Data extract section start

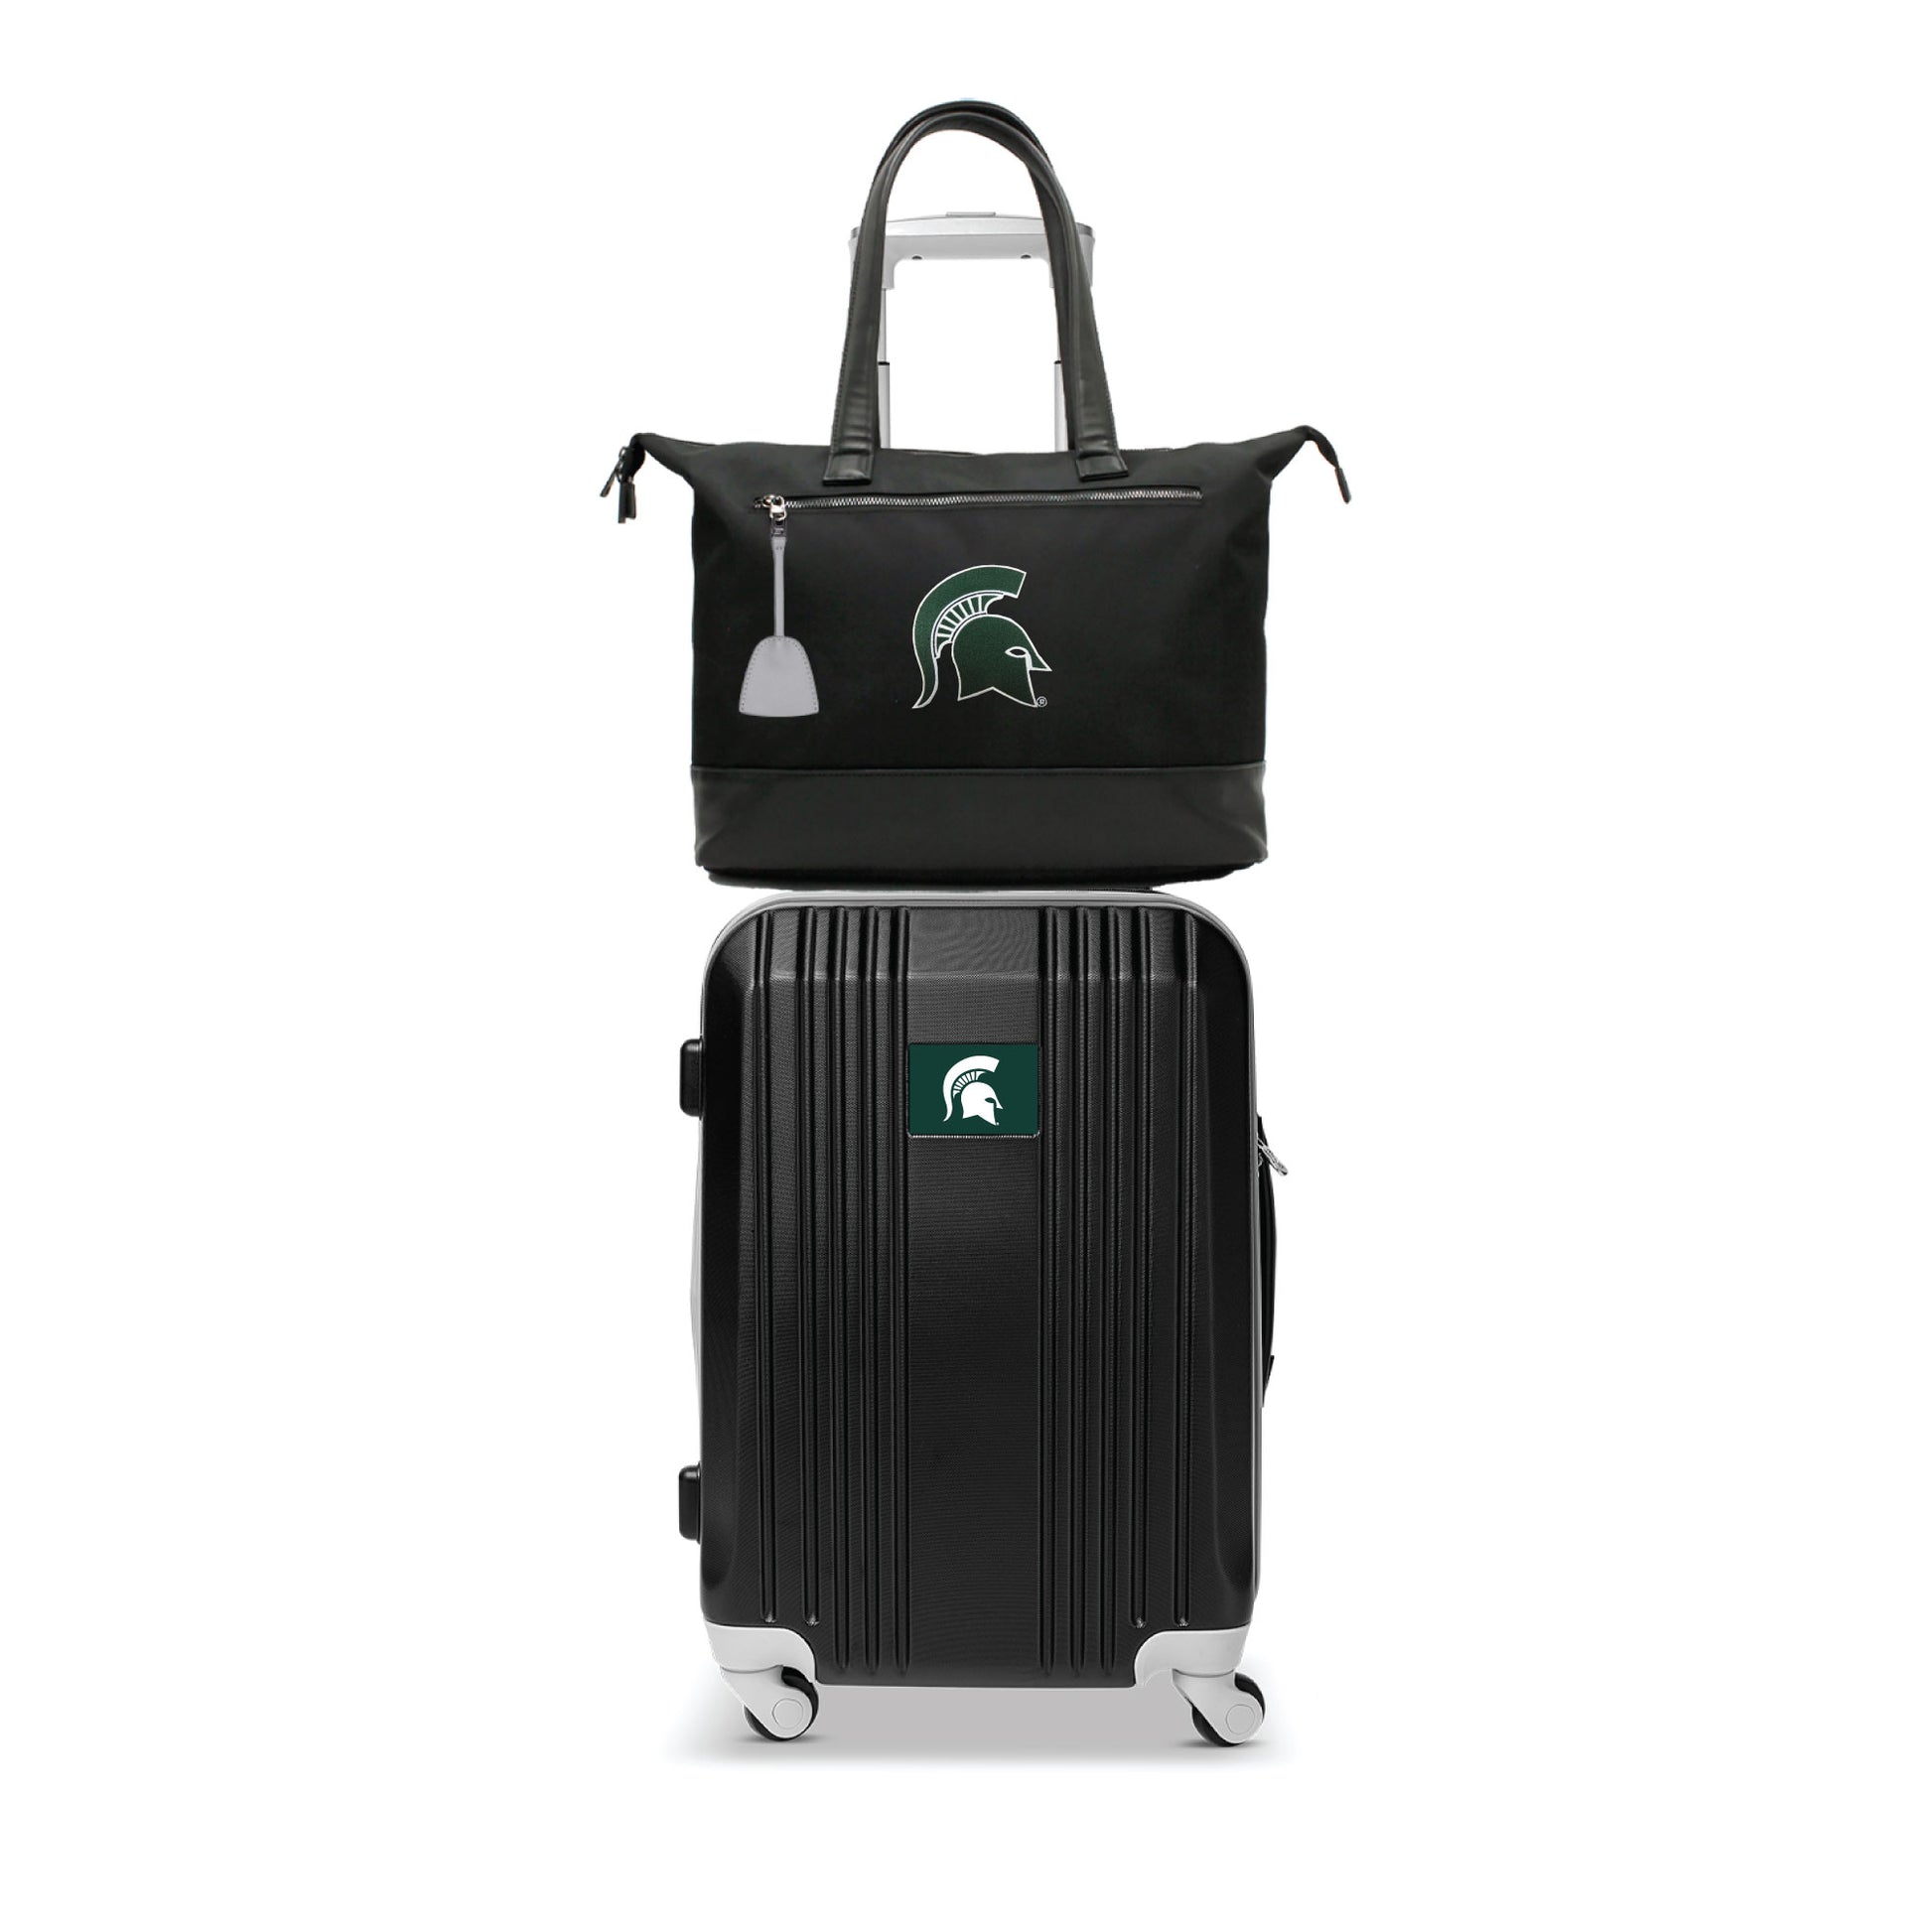 Michigan State Spartans Premium Laptop Tote Bag and Luggage Set
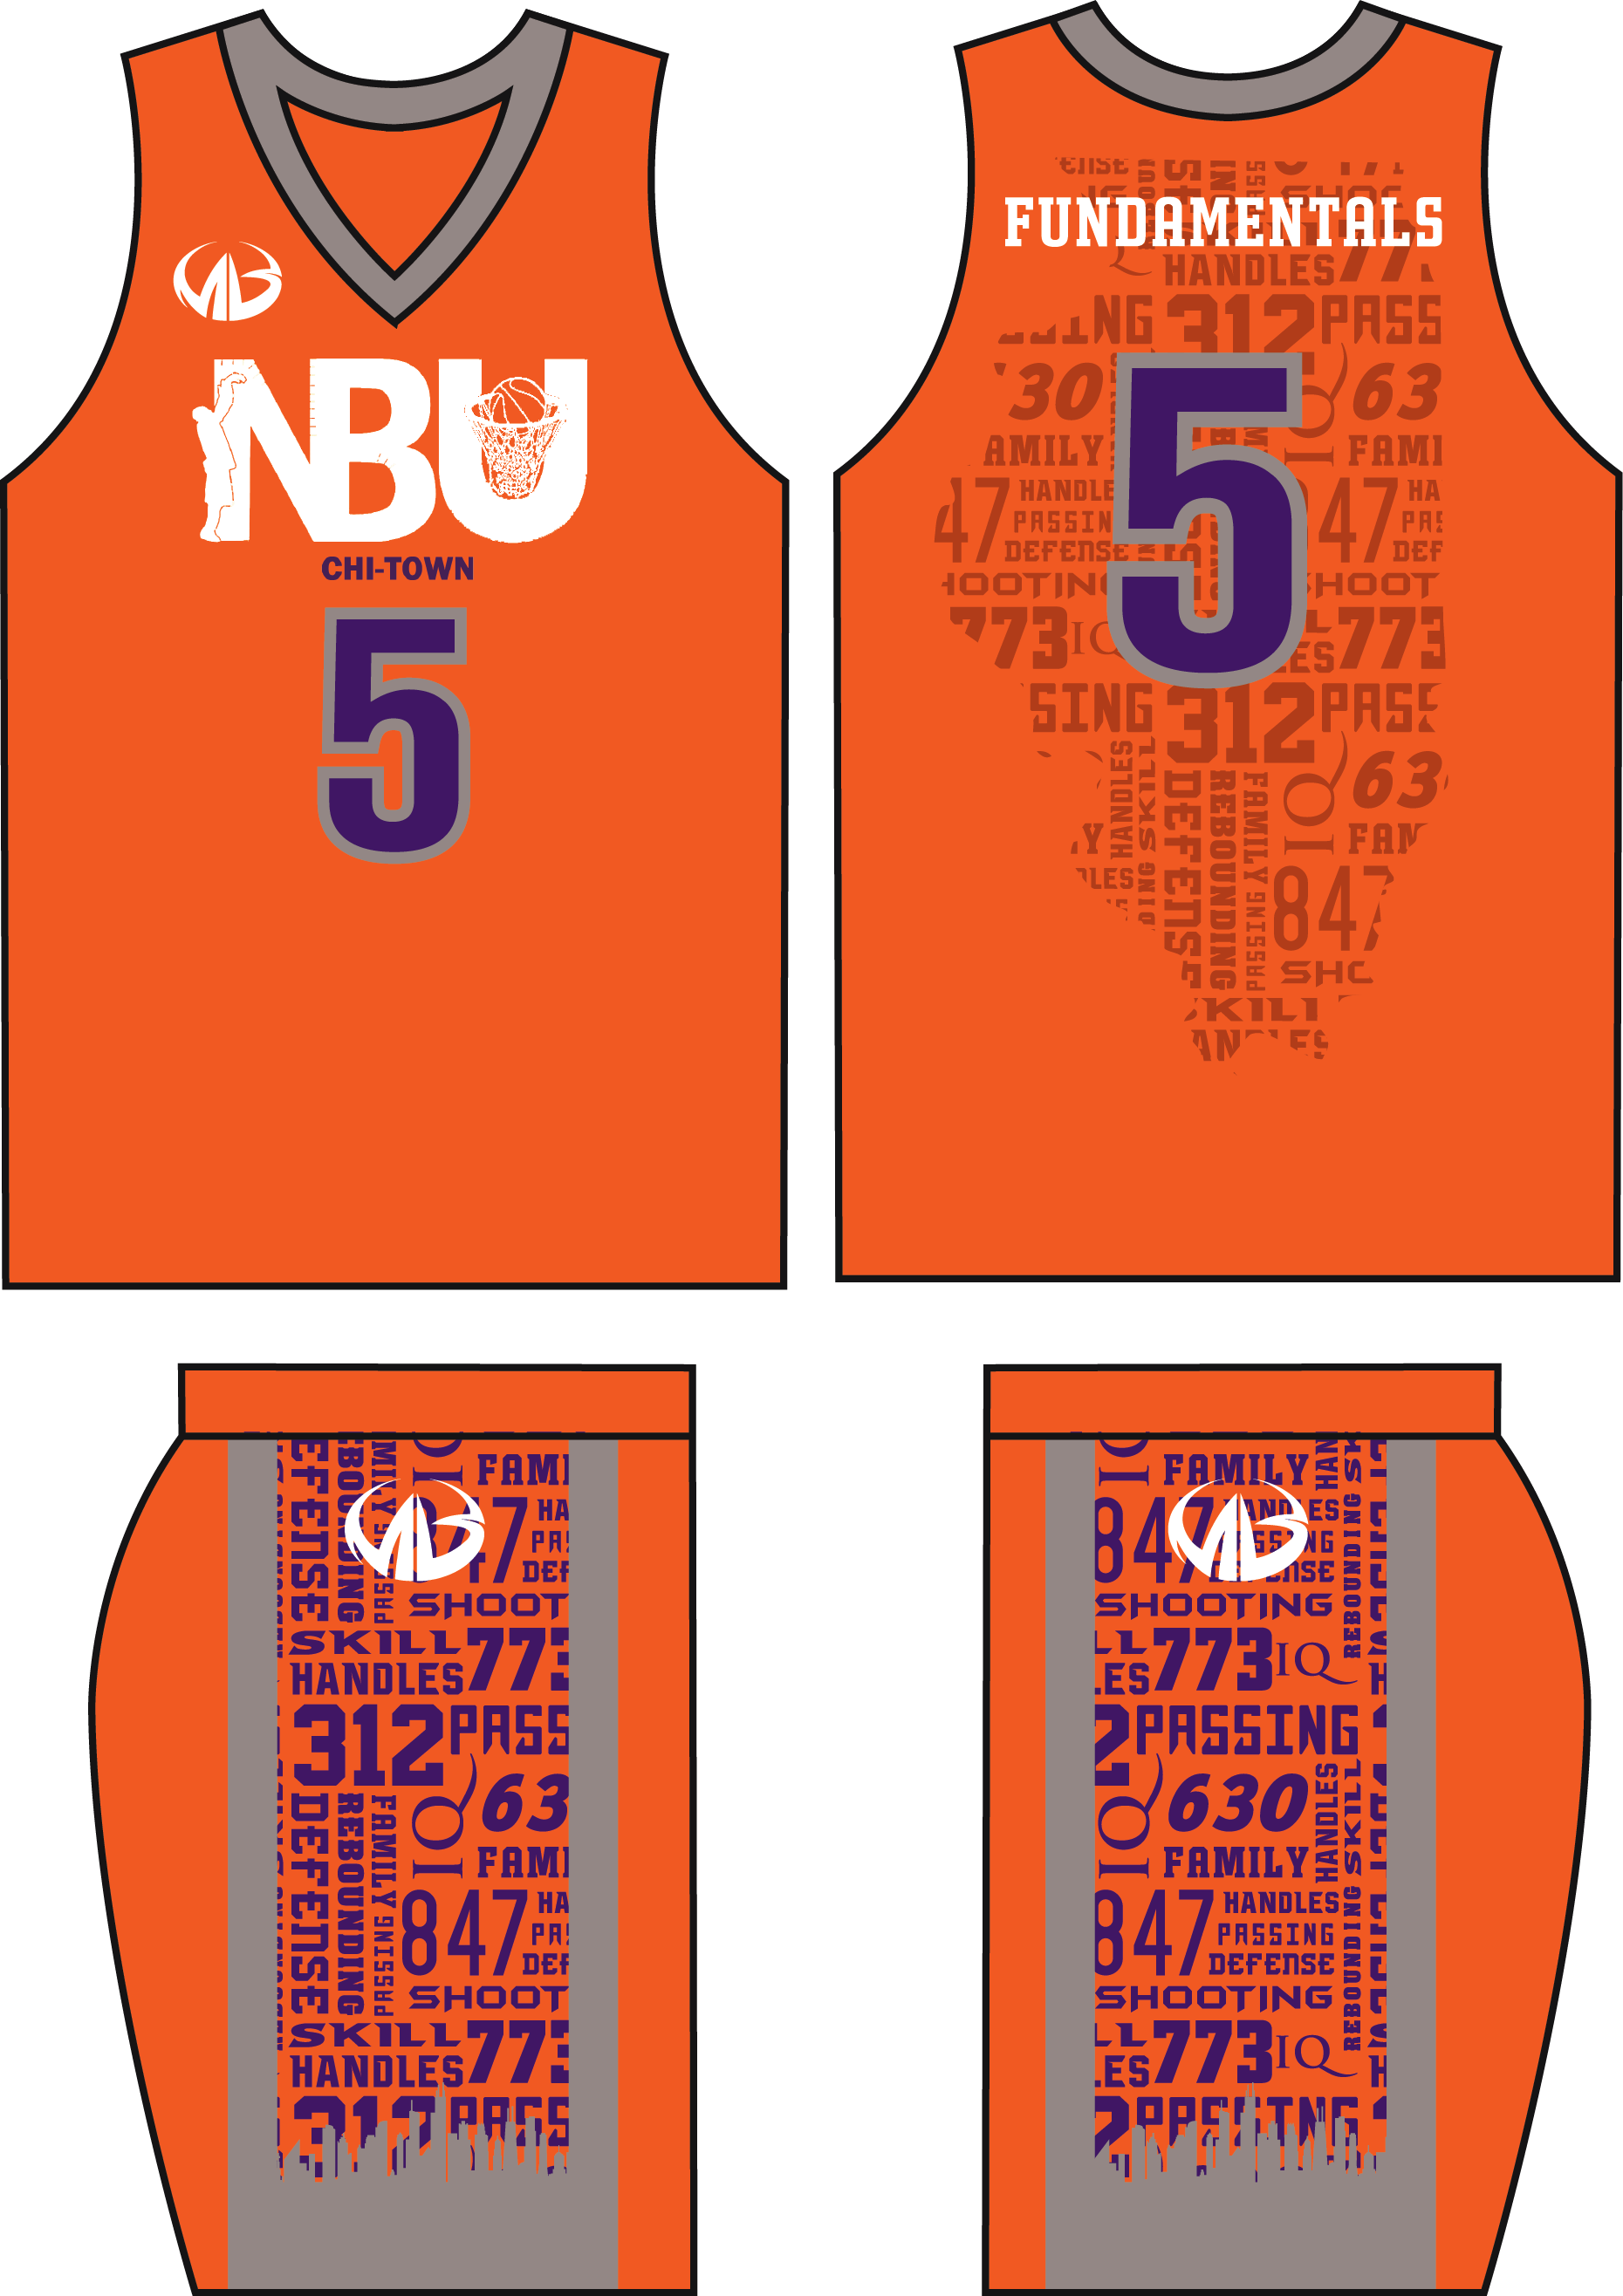 NBU Uniforms - Moneyball Sportswear
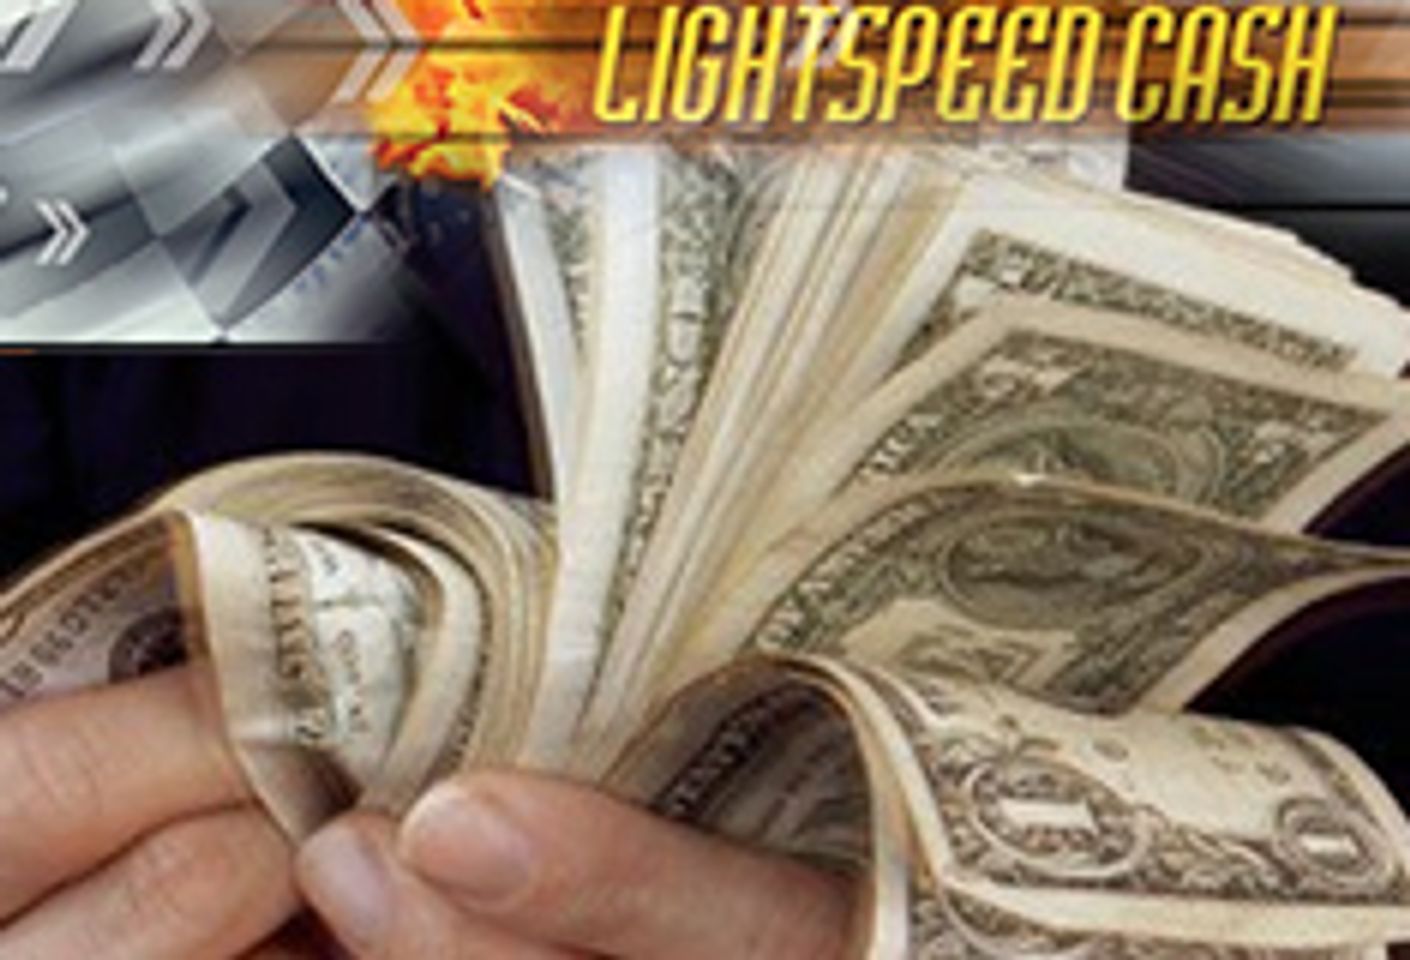 Lightspeed Cash Offers Bonus Weekend

Data extract section end

== Activity ==
Every line of the data should be copied as it stands, without the images.

== Response for this exercise ==
 Michigan State Spartans Premium Laptop Tote Bag and Luggage Set
 NBU Uniforms - Moneyball Sportswear
 Lightspeed Cash Offers Bonus Weekend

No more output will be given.